By LabMedica International staff writers
Posted on 20 Jul 2016
The cellular attachment proteins fibronectin and beta1-integrin have been linked to age-related changes that limit the ability of muscle tissue to regenerate and in the reduced maintenance of muscle stem cells.

Integrins are transmembrane receptors that mediate the attachment between a cell and the tissues that surround it, such as other cells or the extracellular matrix (ECM). Fibronectin is a high-molecular weight ECM glycoprotein that binds to attachment proteins such as integrins. Similar to integrins, fibronectin binds extracellular matrix components such as collagen, fibrin, and heparin sulfate proteoglycans.

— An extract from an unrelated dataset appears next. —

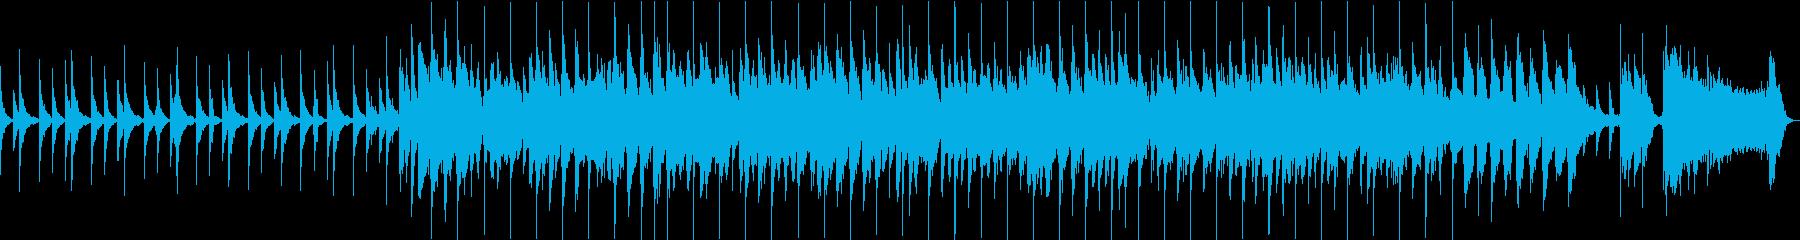 ピアノメインの明るい曲の再生済みの波形

Image: A normal muscle (left) is compared to a muscle lacking beta1-integrin (right) (Photo courtesy of Chen-Ming Fan, Michelle Rozo / Carnegie Institution for Science).
Image: A normal muscle (left) is compared to a muscle lacking beta1-integrin (right) (Photo courtesy of Chen-Ming Fan, Michelle Rozo / Carnegie Institution for Science).

Investigators at the Carnegie Institution for Science (Baltimore, MD, USA) and colleagues at the École Polytechnique Fédérale de Lausanne (Switzerland) combined efforts to study the molecular basis for the detrimental effects of aging on muscle tissue.

They reported in two papers published in the July 4, 2016, online edition of the journal Nature Medicine that there was a strong link between the action of beta1-integrin and fibronectin in the deterioration of muscle during aging. Beta1-integrin was found to be diminished in aged muscle stem cells (MuSCs). Artificial removal of beta1-integrin from youthful muscles caused them to behave as if they were old, while activation of beta1-integrin in mice with aged muscles restored their regenerative abilities to youthful levels.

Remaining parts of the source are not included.